Final answer:
The one-to-one nature of both f and f composed with g does not necessarily imply that g is also one-to-one. An example involving a linear f and an absolute value g demonstrates that g can fail to be injective even if f and f composed with g are.
Step-by-step explanation:
If f and f ◦ g are one-to-one functions, it does not necessarily mean that g is one-to-one. To demonstrate this, let's consider what it means for a function to be one-to-one. A function is one-to-one (injective) if different inputs lead to different outputs.
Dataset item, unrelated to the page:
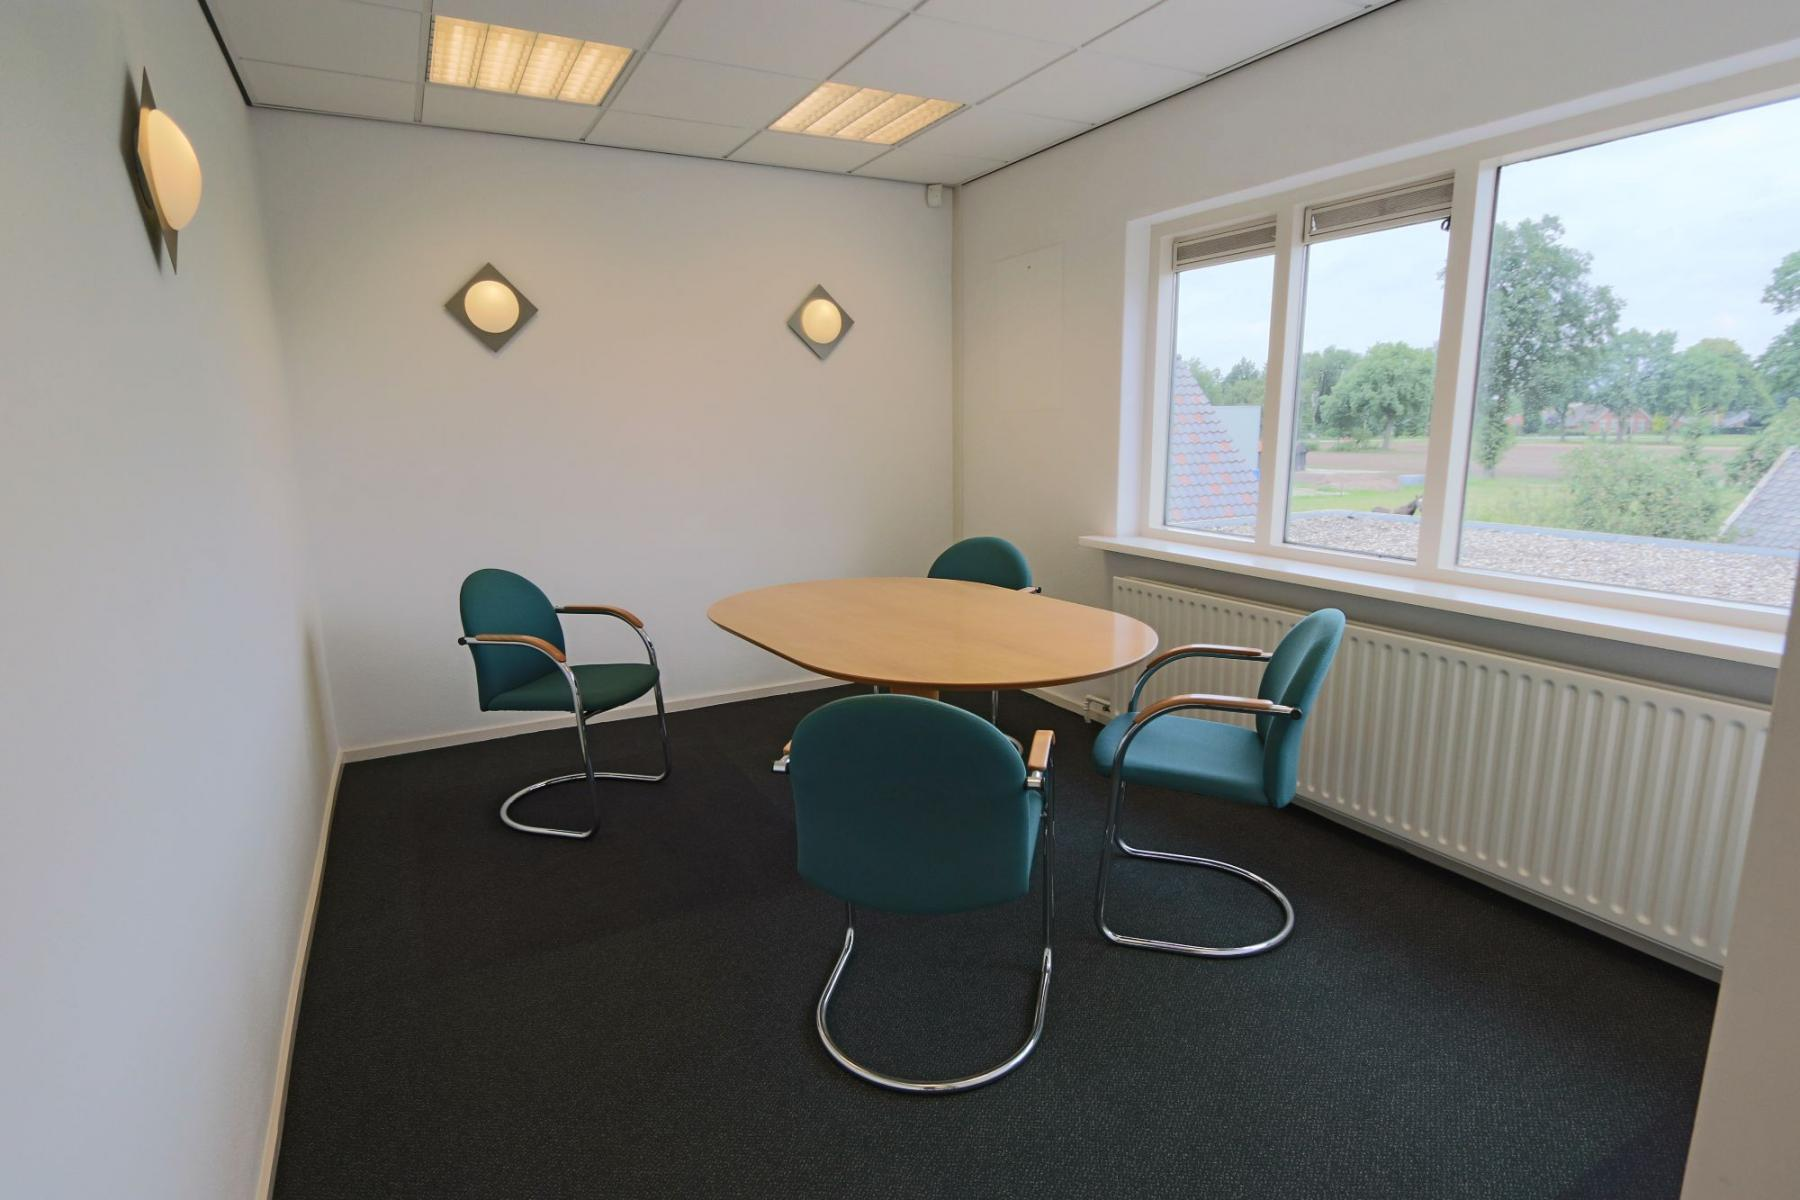 vergaderruimte presentatie kantoorkamer Hengevelde SKEPP
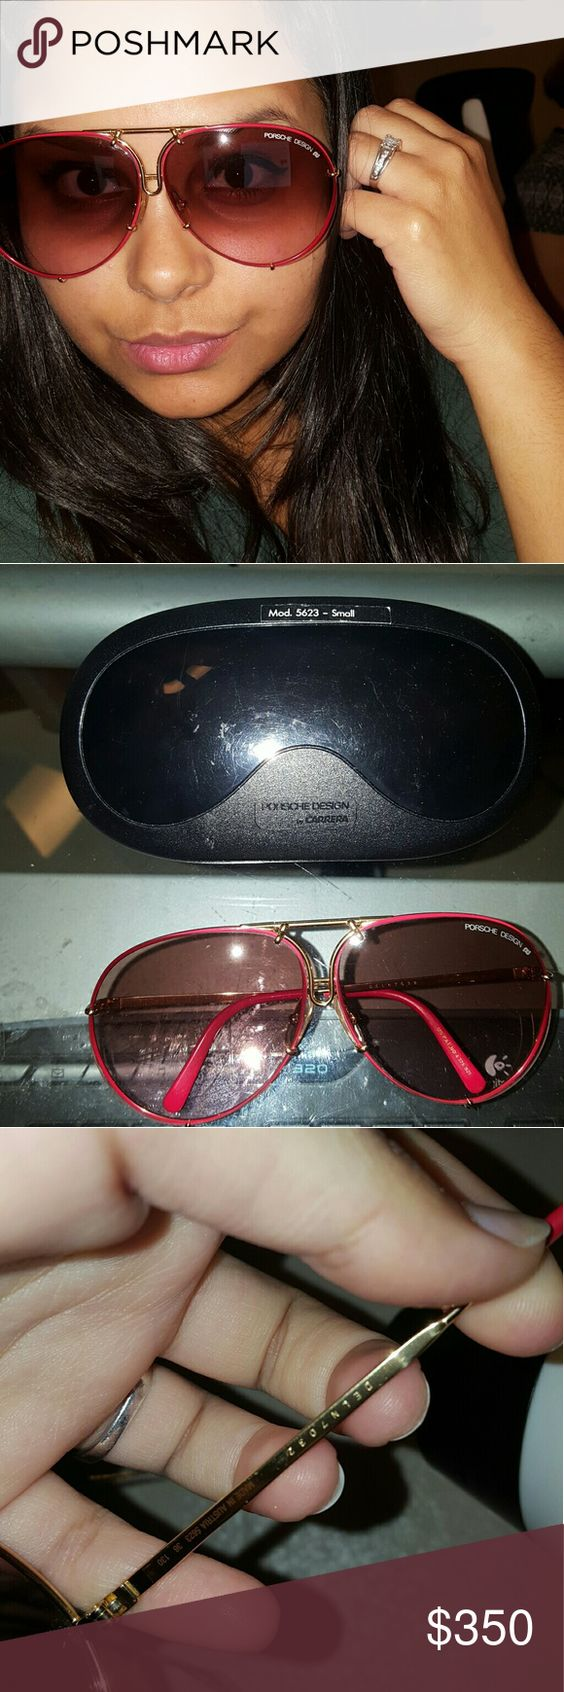 9bcdb0b6281 Porsche Carrera Sunglasses Aviator 5623 « One More Soul

Specifically, for any two elements a and b in the domain of the function, if a ≠ b, then f(a) ≠ f(b).
Let's assume f is one-to-one, and f ◦ g is also one-to-one. Now, to check if g is one-to-one, take any two distinct elements, say x and y, from the domain of g. If g(x) = g(y), then f(g(x)) = f(g(y)). Since f ◦ g is one-to-one, and f(g(x)) = f(g(y)), it must be that x = y. However, this argument relies on an assumption that g maps to the domain of f, which is not necessarily the case in every scenario.
For example, suppose we have a function f: R → R defined as f(x) = 2x and another function g: R → R defined as g(x) = |x|. The function f is one-to-one because for any x1 ≠ x2, f(x1) ≠ f(x2). The composition f ◦ g is also one-to-one because the absolute value function does not affect the one-to-one nature of the linear function f. However, g itself is not one-to-one, as g(-a) = g(a) for any a ∈ R.